DERUMIER, Alexandre alexandre.derumier at groupe-cyllene.com
Fri Jan 10 08:44:34 CET 2025


-------- Message initial --------
De: Fabian Grünbichler <f.gruenbichler at proxmox.com>
À: Proxmox VE development discussion <pve-devel at lists.proxmox.com>
Cc: Alexandre Derumier <alexandre.derumier at groupe-cyllene.com>
Objet: Re: [pve-devel] [PATCH-SERIES v3 pve-storage/qemu-server/pve-
qemu] add external qcow2 snapshot support
Date: 09/01/2025 15:13:14

> Alexandre Derumier via pve-devel <pve-devel at lists.proxmox.com> hat am
> 16.12.2024 10:12 CET geschrieben:

> This patch series implement qcow2 external snapshot support for files
> && lvm volumes
> 
> The current internal qcow2 snapshots have bad write performance
> because no metadatas can be preallocated.
> 
> This is particulary visible on a shared filesystem like ocfs2 or
> gfs2.
> 
> Also other bugs are freeze/lock reported by users since years on
> snapshots delete on nfs
> (The disk access seem to be frozen during all the delete duration)
> 
> This also open doors for remote snapshot export-import for storage
> replication.
>>
>>a few high level remarks:
>>- I am not sure whether we want to/can switch over to blockdev on the
>>fly (i.e., without some sort of opt-in phase to iron out kinks). what
>>about upgrades with running VMs? I guess some sort of flag and per-VM
>>switching would be a better plan..

I have tested live migration, and it's works for the small tests I have
done. (I was surprised myself). I'll try to do more longer test to be
100% sure that they are not corruption of datas.

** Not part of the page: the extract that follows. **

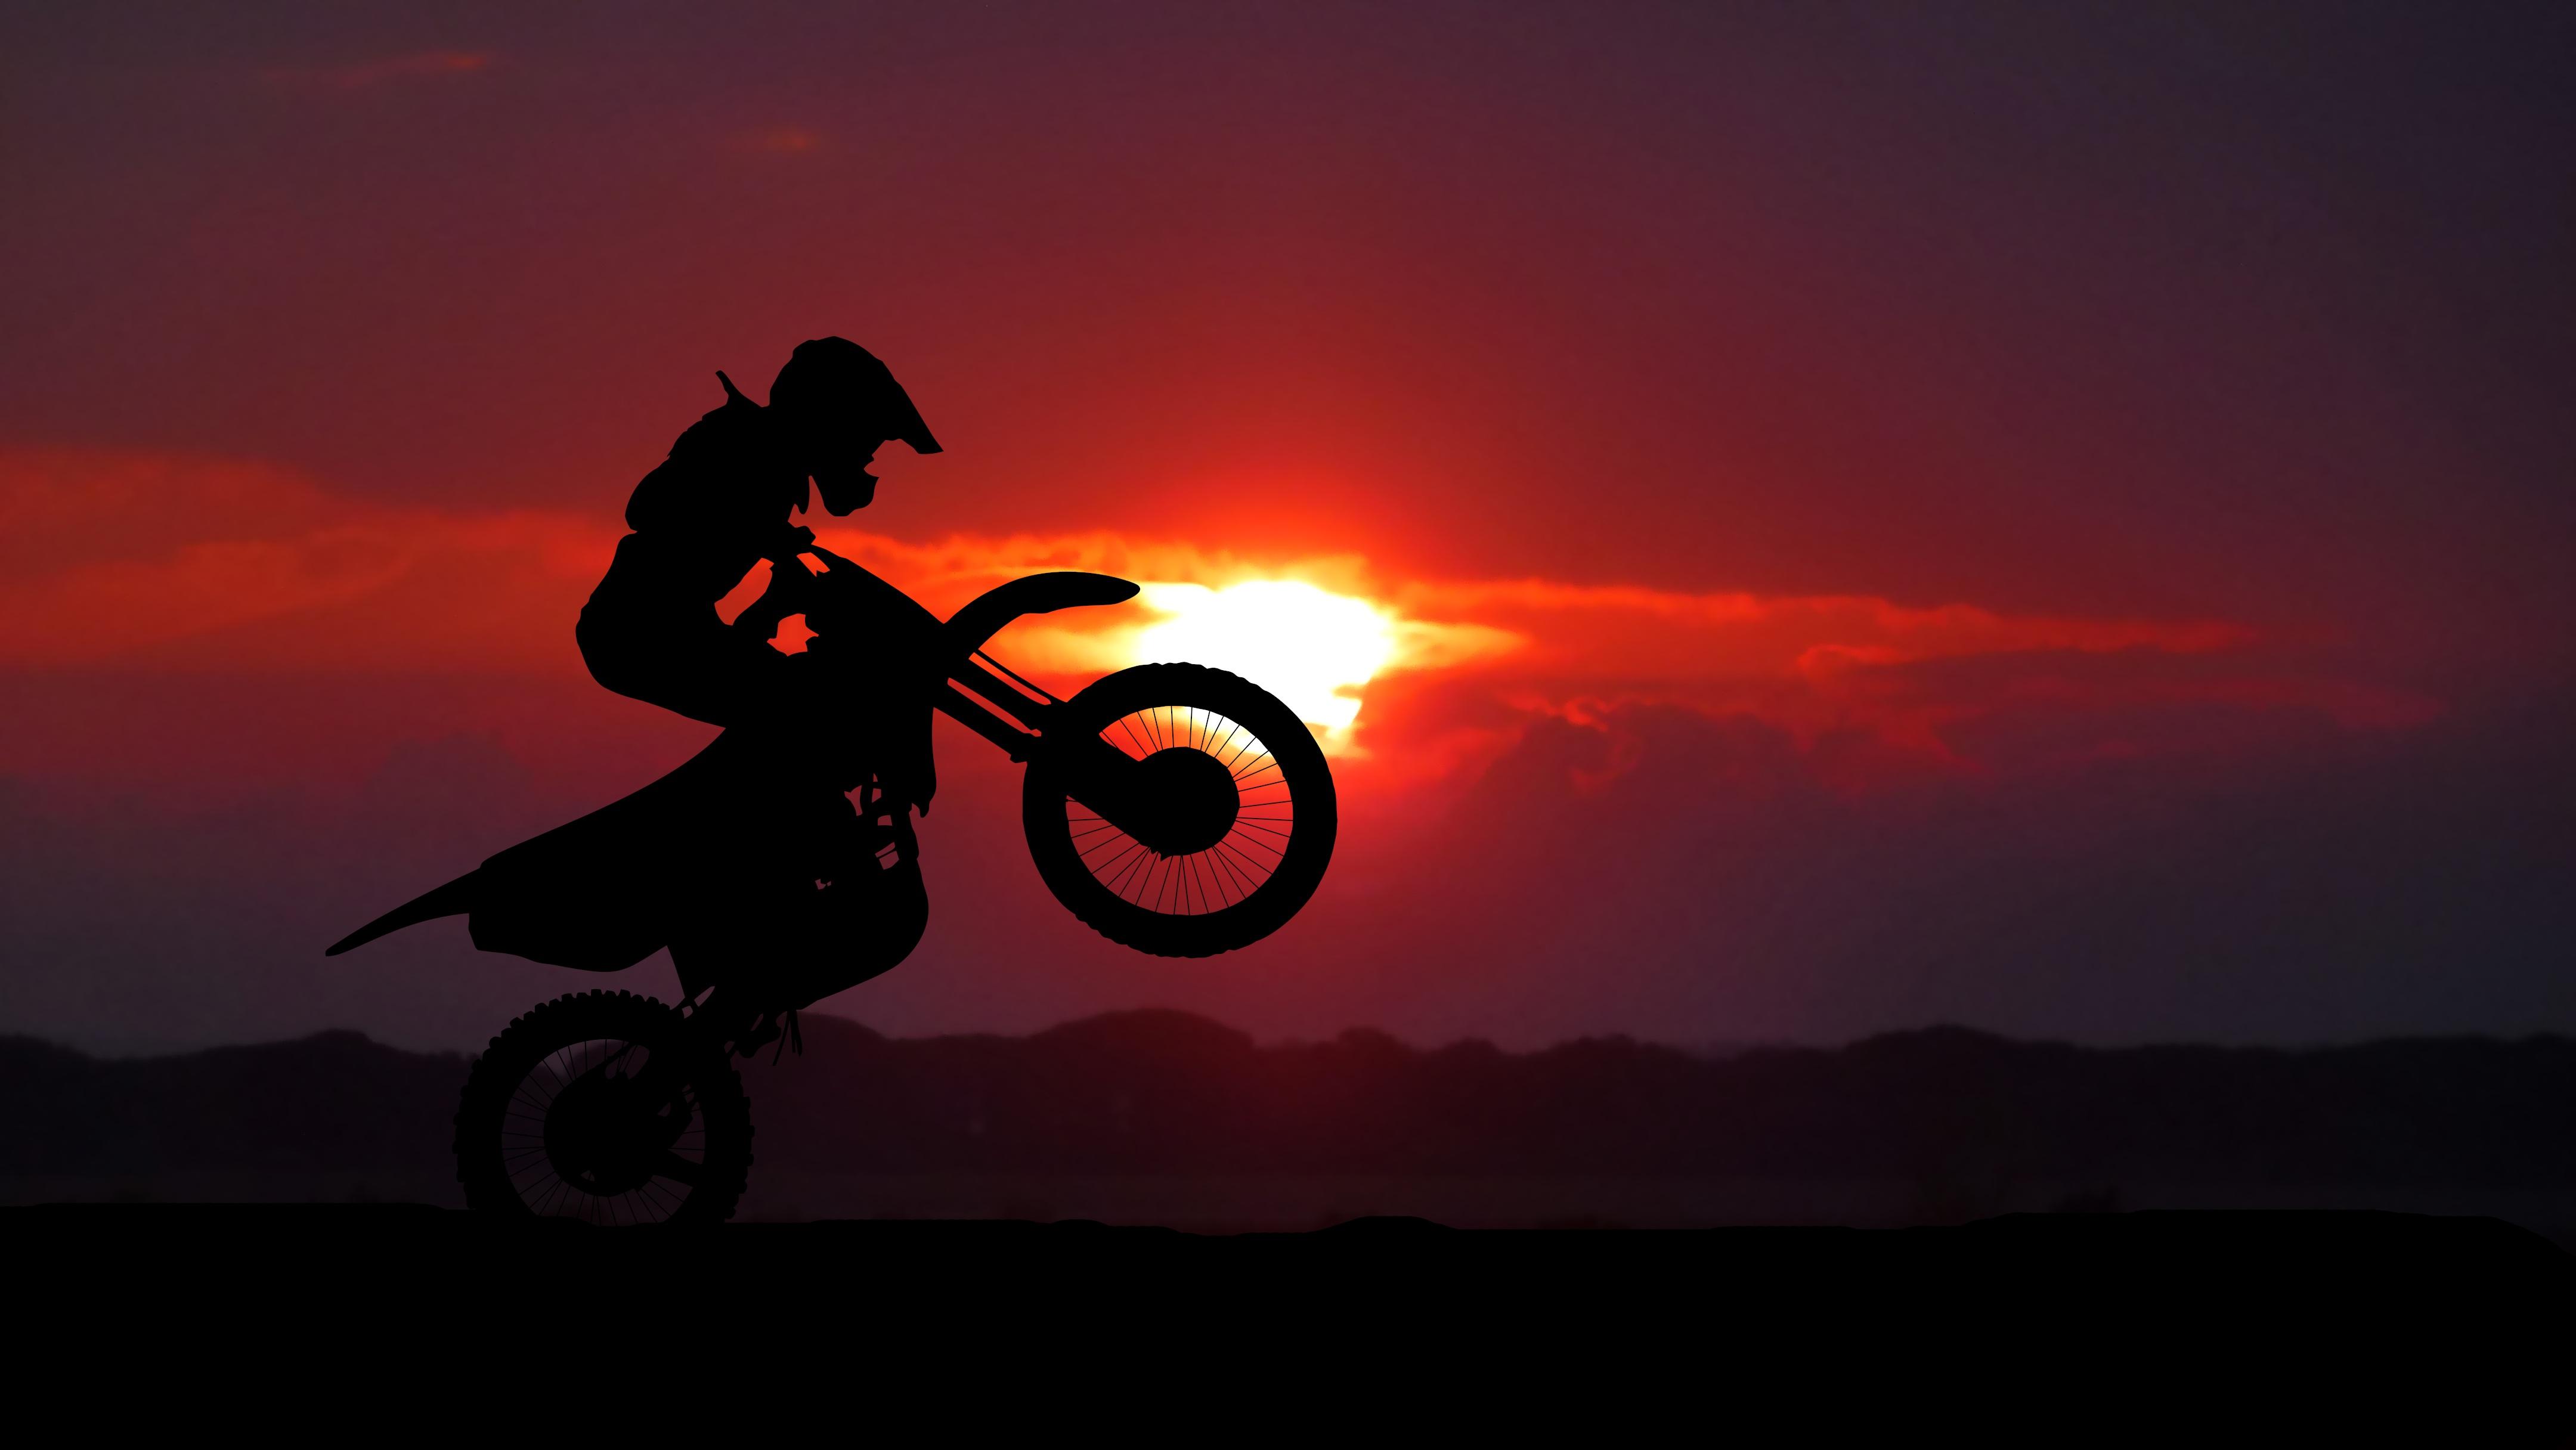 93131 скачать обои Мотоциклы, Мотоцикл, Мотоциклист, Кросс, Трюк, Силуэт, Закат - заставки и картинки бесплатно

 on the guest side, it's transparent. on qemu side, the devices and pci
plumbing is still the same, and qemu already use blockdev behind.

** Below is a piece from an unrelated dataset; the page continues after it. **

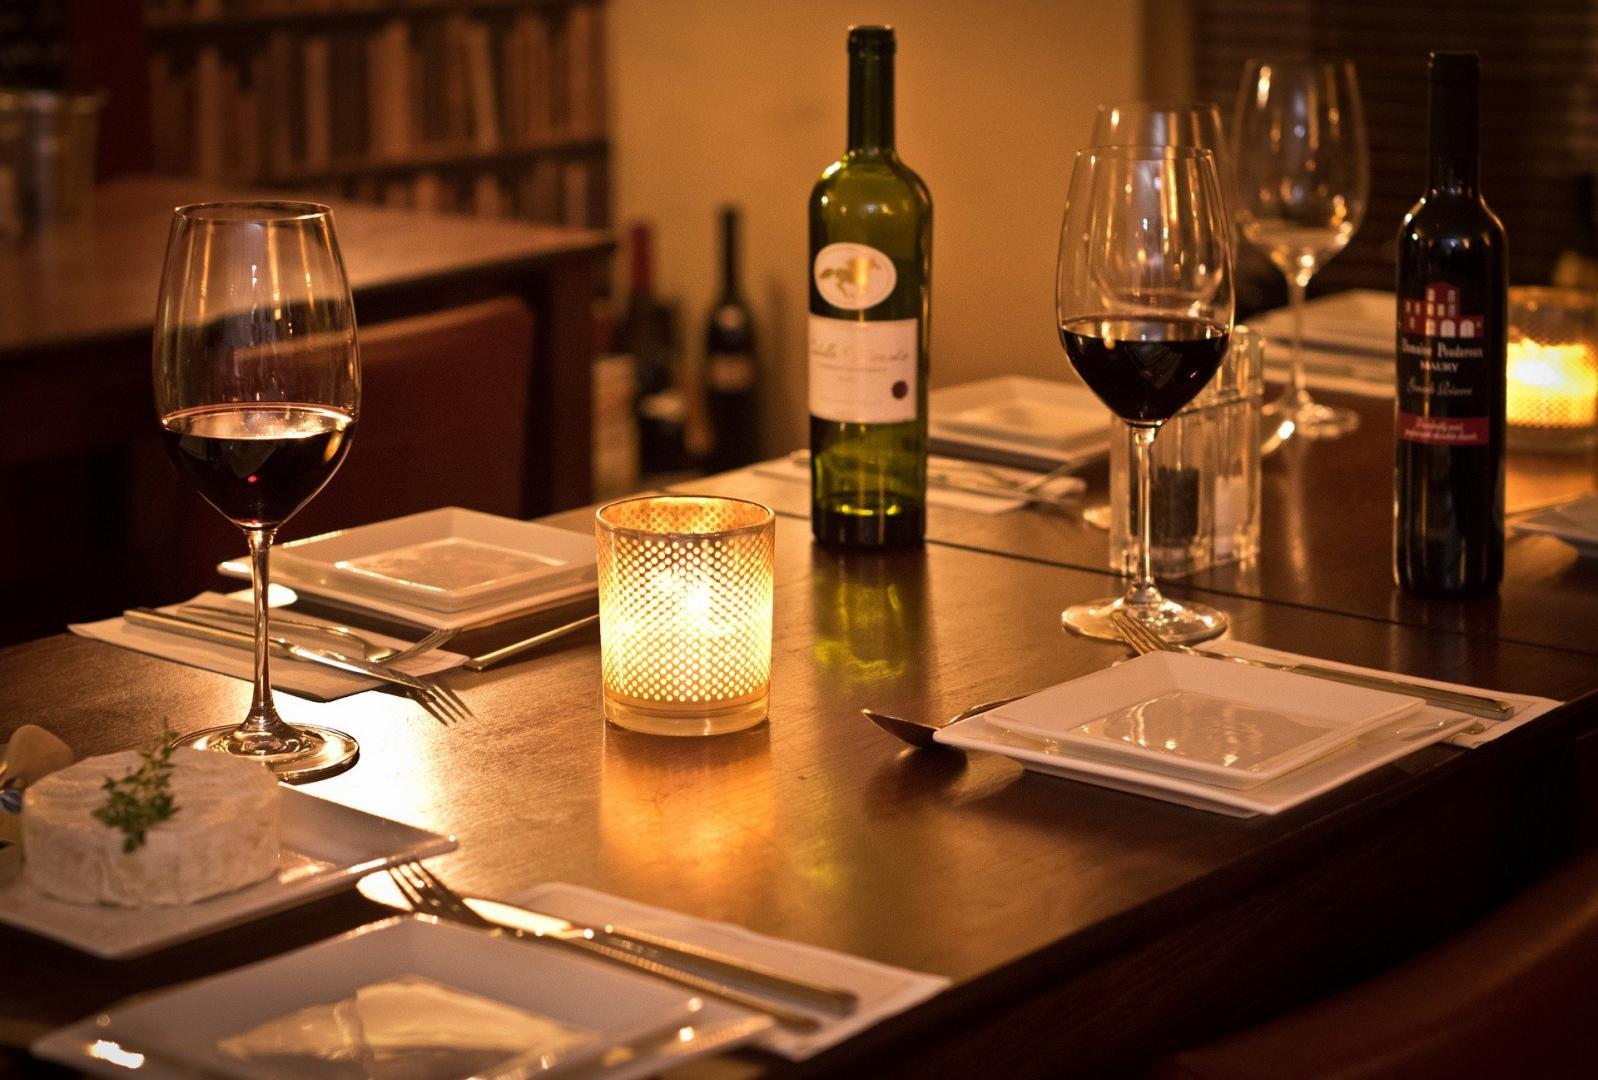 Im Bistro Gedeckter Tisch mit Wein und Kerzenlicht

If needed, we could make a switch based on qemu version, or or manual
option.


>>- I am also not sure whether we want to mix and match internal and
>>external snapshots, we probably should require a storage to use it or
>>not at creation time and fix it, to allow us to keep the handling
>>code from exploding complexity-wise..

for qcow2, I have a "snapext" option on the storage, so you can't mix
internal/external at the same time.  
(We just need to allow to define the snapext option at storage create
only)

For lvm, only external snapshot are possible. (if format is qcow2)



>>- if you see a way to name the block graph nodes in a deterministic
>>fashion (i.e., have a 1:1 mapping between snapshot and block graph
>>node name) that would be wonderful, else we'd have to find another
>>way to improve the lookup there..

1:1 mapping with snapshot is not possible (I have tried it a lot),
because:
  - snapshot name can be too long (blockdev name is 31 characters max,
hash based on filename is difficult)
  - with external snapshot file renaming, this don't work  (snap-->
current). We can't rename a blockdev, so the mapping will drift.

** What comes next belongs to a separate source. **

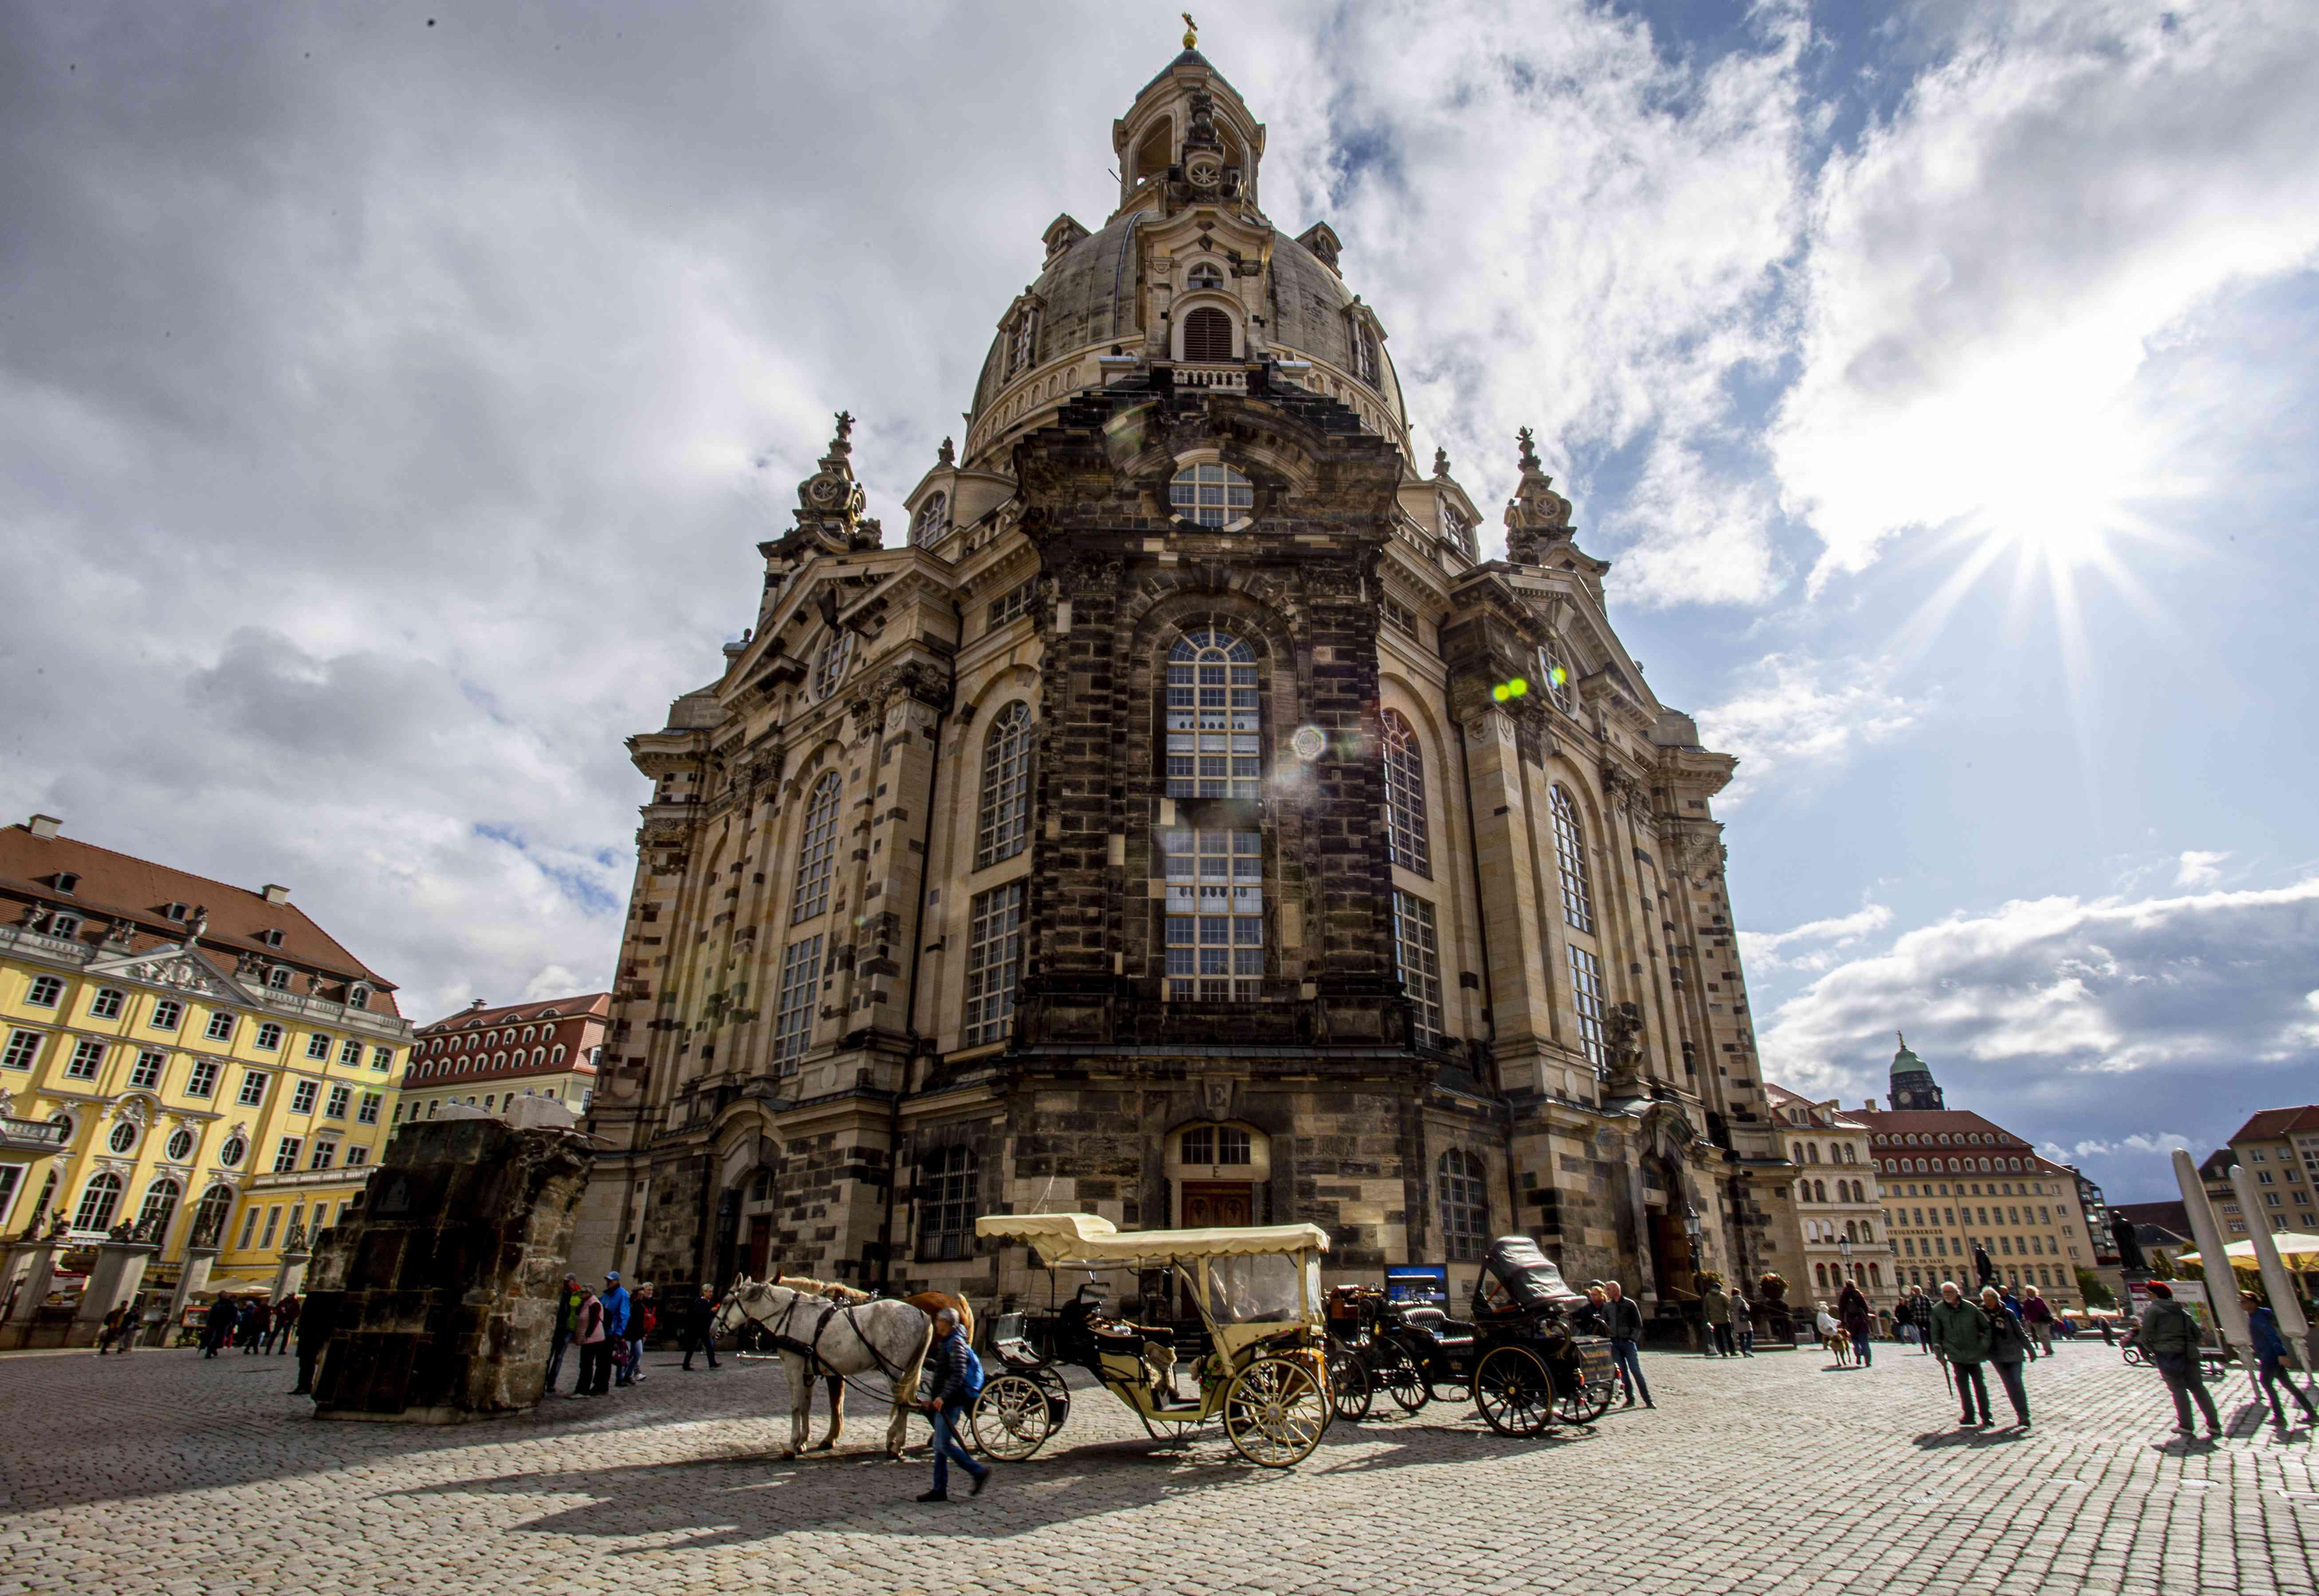 Un caballo y un carruaje por el exterior de la Iglesia de Nuestra Señora

  So, I don't think that it's possible to avoid lookup. (I really don't
have idea how to manage it).  
I'm not sure it's really a problem ?  it's just an extra qmp call, but
it's super fast.


>>- the relevant commits and code would really benefit from a summary
>>of the design/semantics, it's not easy to reconstruct this from the
>>code alone

ok will do

>>- some tests would be great as well, both to verify that the code
>>actually behaves like we expect, and also to catch regressions when
>>it is touched again in the future

yes, I was planning to add test, as we don't have too much tests on
qemu command line currently, this is a good time to add them.


>>- some performance numbers would also be great :)
>>-- internal vs external snapshots using the same underlying dir/fs
>>-- qcow2 vs qcow2 with snapshots vs raw on LVM using the same
>>underlying disk

I'll prepare different hardware san to compare.  (Note that it's not
only performance, but disk lock/freeze on snapshot rollback for example
with internal snapshot).

I'll try to rebench again ocfs2 && gfs2 too with external snapshot (as
metadatas preallocation is really important with them, and it's not
possible with internal snap)



>>- did you verify the space consumption on the SAN side with the LVM
>>plugin? would be interesting to know how it holds up in practice :)
Well, currently, it's reserving a full lvm volume for each snapshot.

If your storage support thin provisioning, its not too much a problem,
you can create a lun bigger than your physical storage. I have tried
with a netapp san, it's works.

but for low cost san, we thin provisioning not exist, I'm planning to
add dynamic extend fo small lvm.

I have send some test patch in september 2024,  qcow2 size can be
bigger than lvm size. (like qcow2=100G && lvm=1G), then it's possible
to send event with qemu on threshold usage and extend (through a custom
daemon) the lvm volume.
But I was planning to add this in a separated after that the external
snapshot code is commited.

>>I haven't done any real world testing yet since I expect that the
>>delta for the next version won't be small either ;)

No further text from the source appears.